Here is a simple example in code:

In [None]:
import torch
import torch.nn as nn
import torch.optim as optim
from torch.optim.lr_scheduler import StepLR

# Sample model
model = nn.Linear(10, 2)

# Optimizer
optimizer = optim.SGD(model.parameters(), lr=0.1)

# Scheduler
scheduler = StepLR(optimizer, step_size=30, gamma=0.1)

# Example training loop
num_epochs = 100
for epoch in range(num_epochs):
    # Training code here
    # model.train()
    # loss.backward()
    # optimizer.step()

    # Step the learning rate scheduler
    scheduler.step()

    # Print learning rate
    print(f"Epoch {epoch+1}, LR: {scheduler.get_last_lr()}")

In this example:
* Ther learning rate starts at 0.1.
* After every 30 epochs, ot is reduced to 10% of its previous value (**gamma=0.1**).
* **scheduler.get_last_lr()** is used to check the learning rate at each epoch.

## Example code

In [14]:
import torch
import torch.nn as nn
import torch.optim as optim
from torch.optim.lr_scheduler import StepLR
import numpy as np

# Setting random seed for reproducibility
torch.manual_seed(0)
np.random.seed(0)

In [15]:
# Synthetic data generation
# 100 data points, 1 feature each
x = np.random.rand(100, 1).astype(np.float32)  # Feature
y = 3 * x + np.random.randn(100, 1).astype(np.float32) * 0.1  # Target
display(x[:10])
display(y[:10])

array([[0.5488135 ],
       [0.71518934],
       [0.60276335],
       [0.5448832 ],
       [0.4236548 ],
       [0.6458941 ],
       [0.4375872 ],
       [0.891773  ],
       [0.96366274],
       [0.3834415 ]], dtype=float32)

array([[1.5299256],
       [2.2356505],
       [1.8548563],
       [1.4810251],
       [1.4197896],
       [2.1272714],
       [1.4306395],
       [2.6573265],
       [2.7839131],
       [1.2557697]], dtype=float32)

In [16]:
# Convert numpy array to torch tensors
x_train = torch.from_numpy(x)
y_train = torch.from_numpy(y)

# Model definition (simple linear regression)
class LinearRegressionModel(nn.Module):
    def __init__(self):
        super(LinearRegressionModel, self).__init__()
        self.linear = nn.Linear(1, 1)

    def forward(self, x):
        return self.linear(x)

model = LinearRegressionModel()

# Loss function
criterion = nn.MSELoss()

# Optimizer
optimizer = optim.SGD(model.parameters(), lr=0.1)

# Learning rate scheduler
scheduler = StepLR(optimizer, step_size=10, gamma=0.9)

In [18]:
# Training loop
num_epochs = 50
for epoch in range(num_epochs):
    # Forward pass
    output = model(x_train)
    loss = criterion(output, y_train)

    # Backward pass and optimization
    optimizer.zero_grad()
    loss.backward()
    optimizer.step()

    # Step the learning rate scheduler
    scheduler.step()

    if (epoch+1) % 5 == 0:
        current_lr = scheduler.get_last_lr()[0]
        print(f"Epoch {epoch+1}/{num_epochs}, Loss: {loss.item():.4f}, LR: {current_lr:.4f}")

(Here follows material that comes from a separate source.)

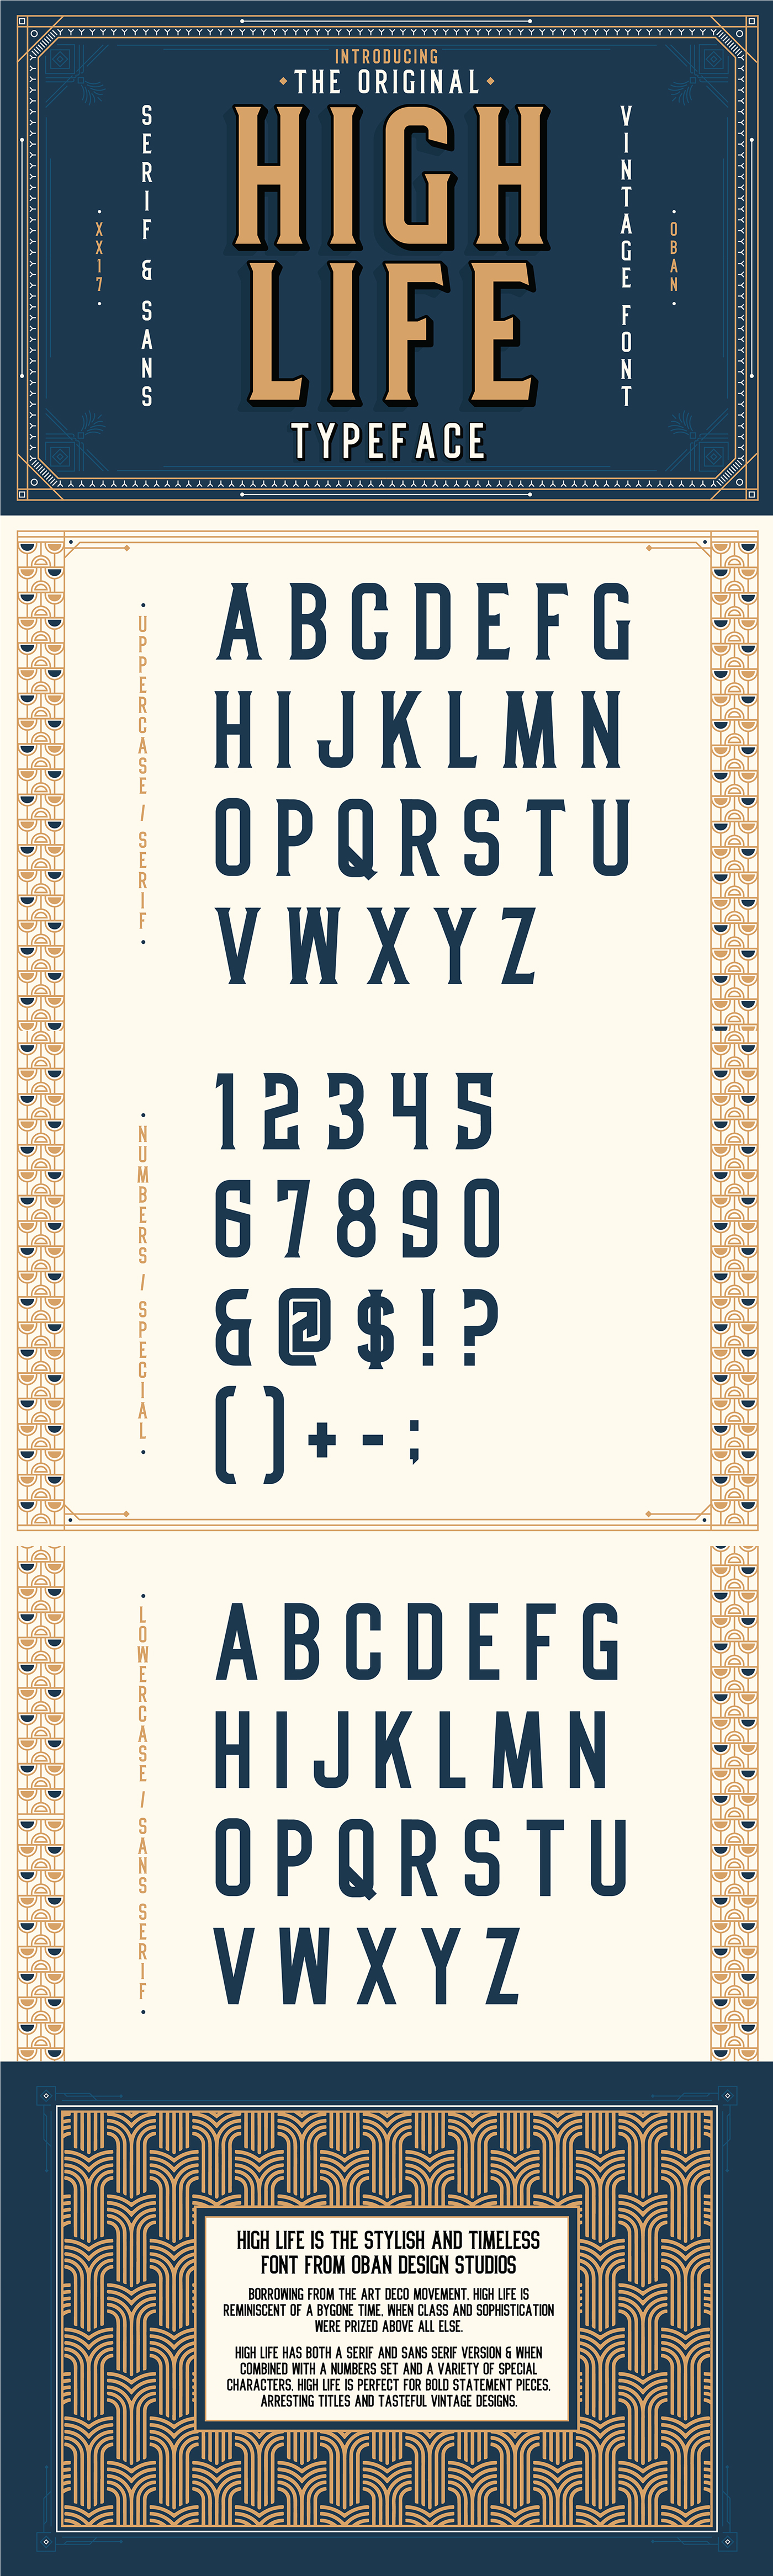 Free font free freebie free fonts freebies serif Typeface font type vintage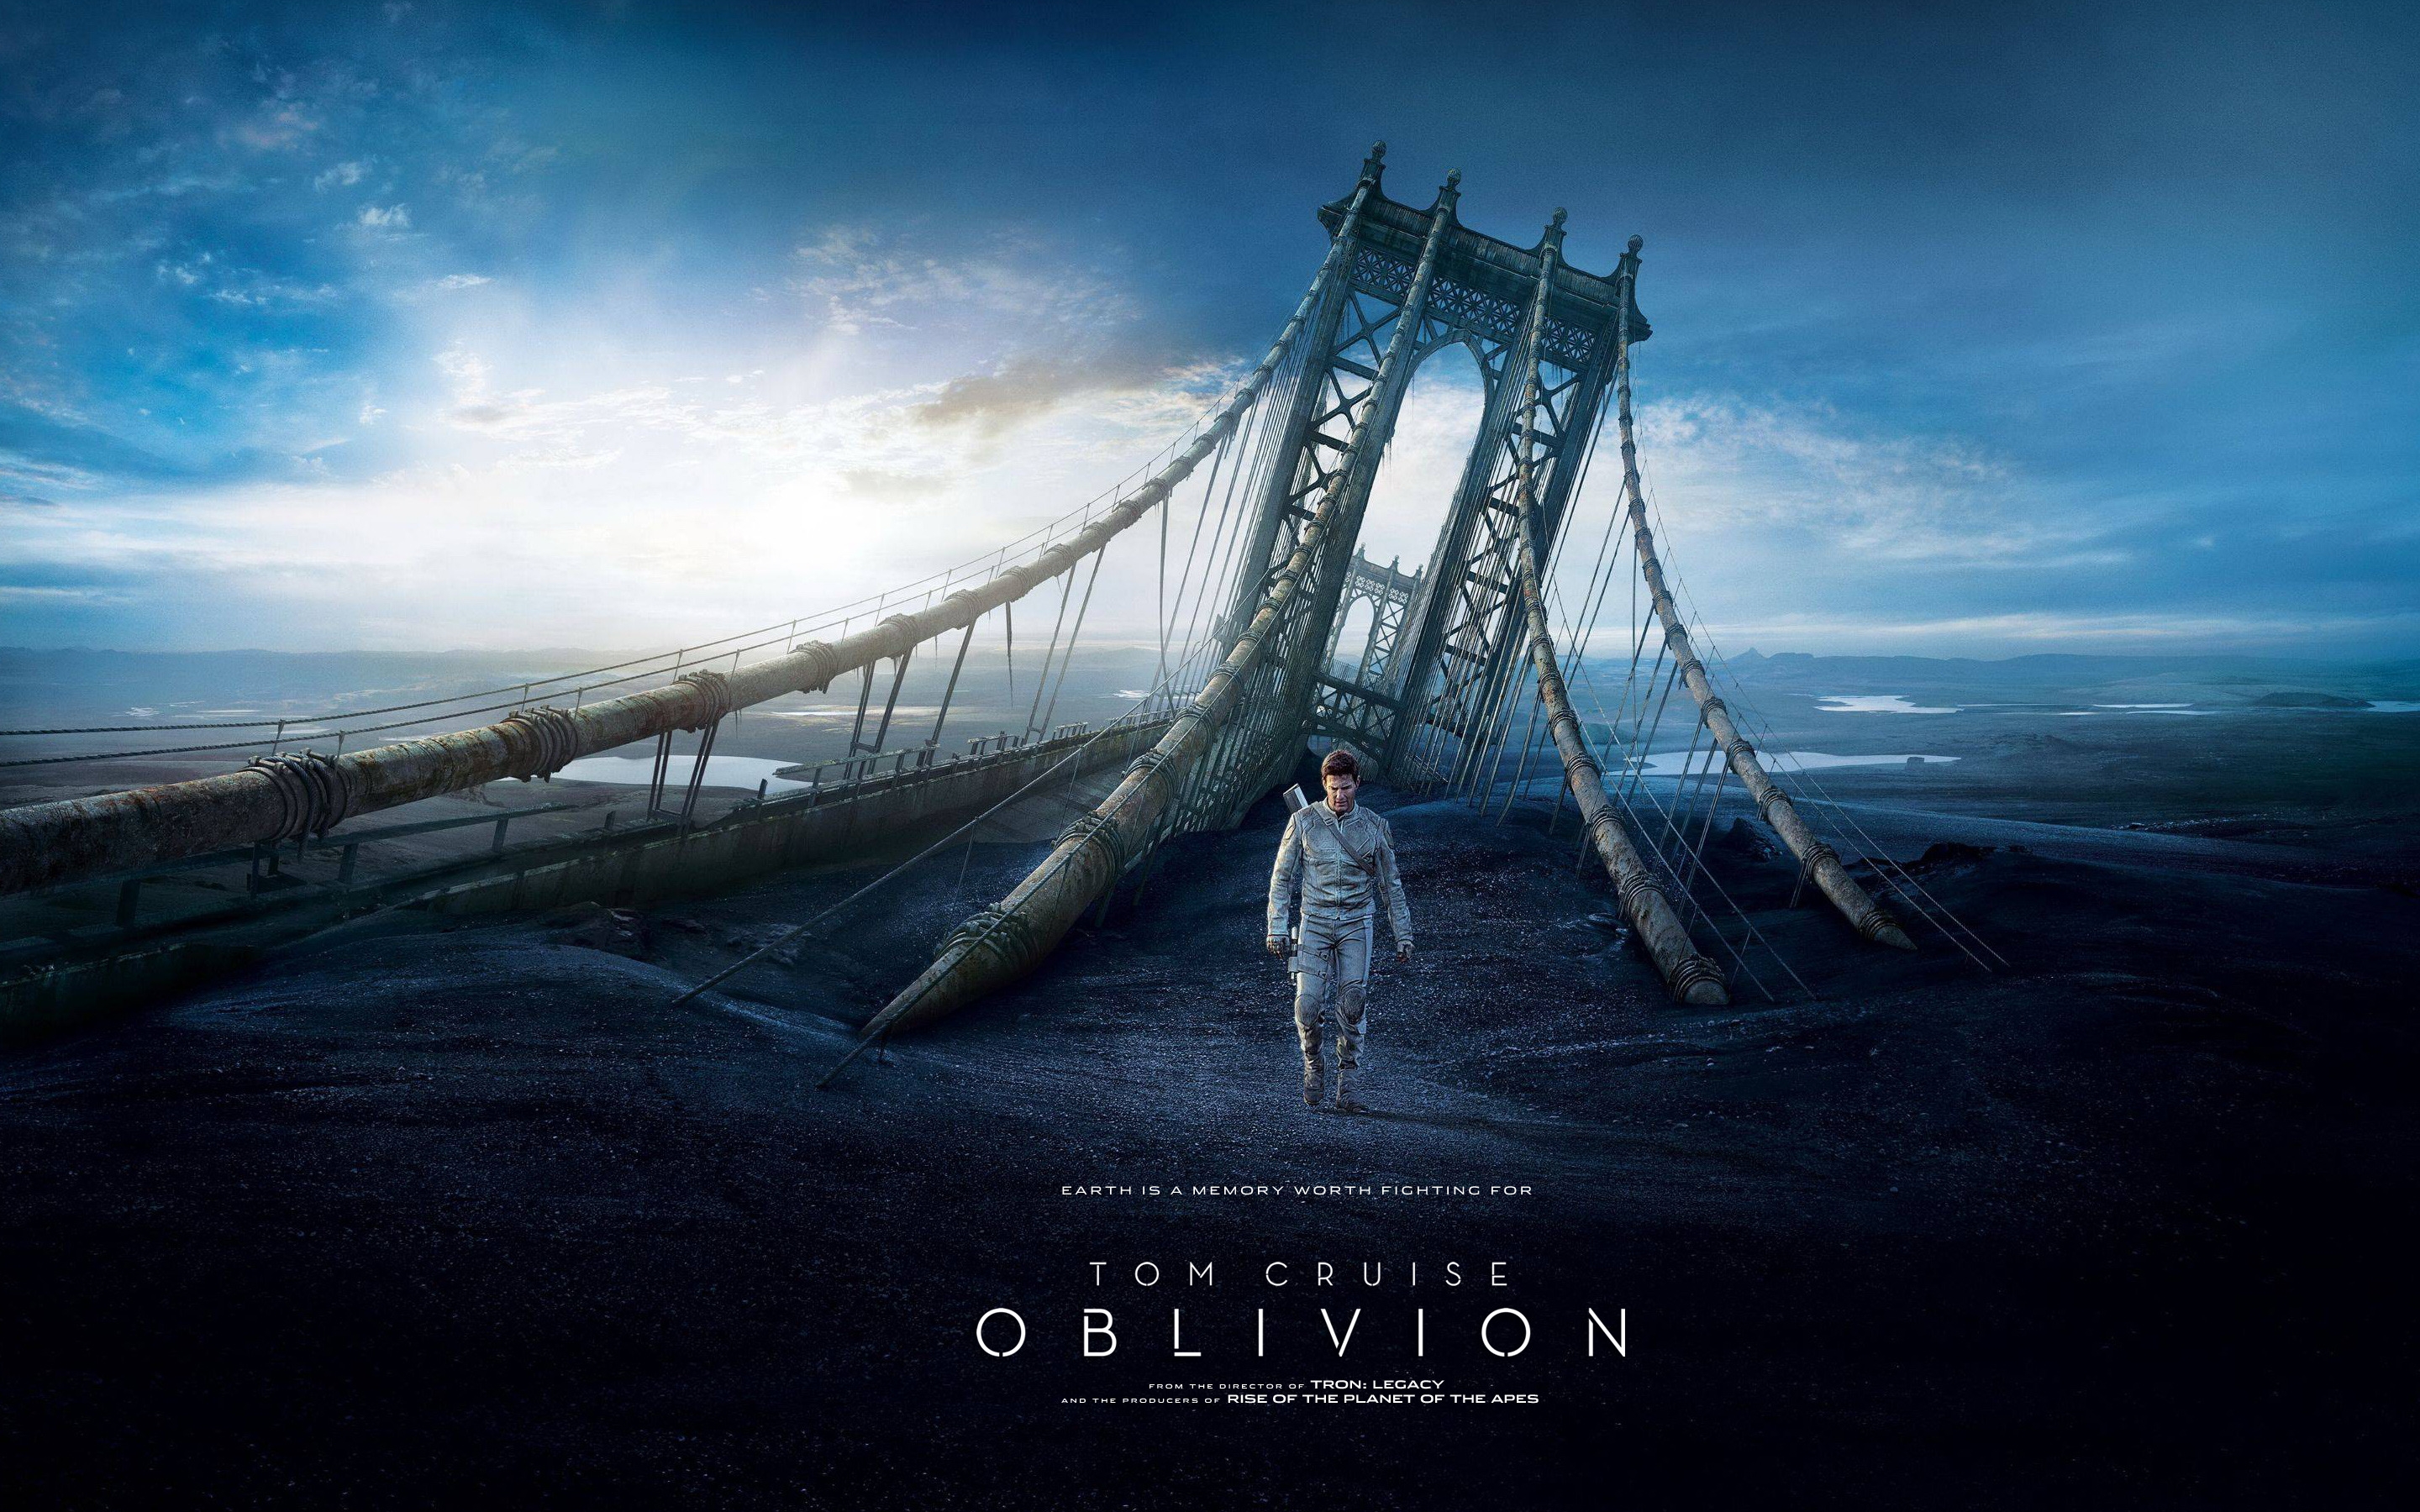 Oblivion Tom Cruise for 2880 x 1800 Retina Display resolution

# Check the final parameters of the model
print("Final parameters:")
for name, param in model.named_parameters():
    print(f"{name}: {param.data}")

Epoch 5/50, Loss: 0.4610, LR: 0.0900
Epoch 10/50, Loss: 0.4035, LR: 0.0900
Epoch 15/50, Loss: 0.3582, LR: 0.0810
Epoch 20/50, Loss: 0.3214, LR: 0.0810
Epoch 25/50, Loss: 0.2891, LR: 0.0729
Epoch 30/50, Loss: 0.2625, LR: 0.0729
Epoch 35/50, Loss: 0.2388, LR: 0.0656
Epoch 40/50, Loss: 0.2190, LR: 0.0656
Epoch 45/50, Loss: 0.2014, LR: 0.0590
Epoch 50/50, Loss: 0.1864, LR: 0.0590
Final parameters:
linear.weight: tensor([[1.5580]])
linear.bias: tensor([0.7498])


* The model is trained on a synthetic dataset where the true relationship is **y = 3x + noise**.
* **StepLR** decrease the learning rate by 10 % every 10 epochs, helping in potentially finer adjustments towards the end of training.
* The training loop points the loss and the current learning rate every 5 epochs.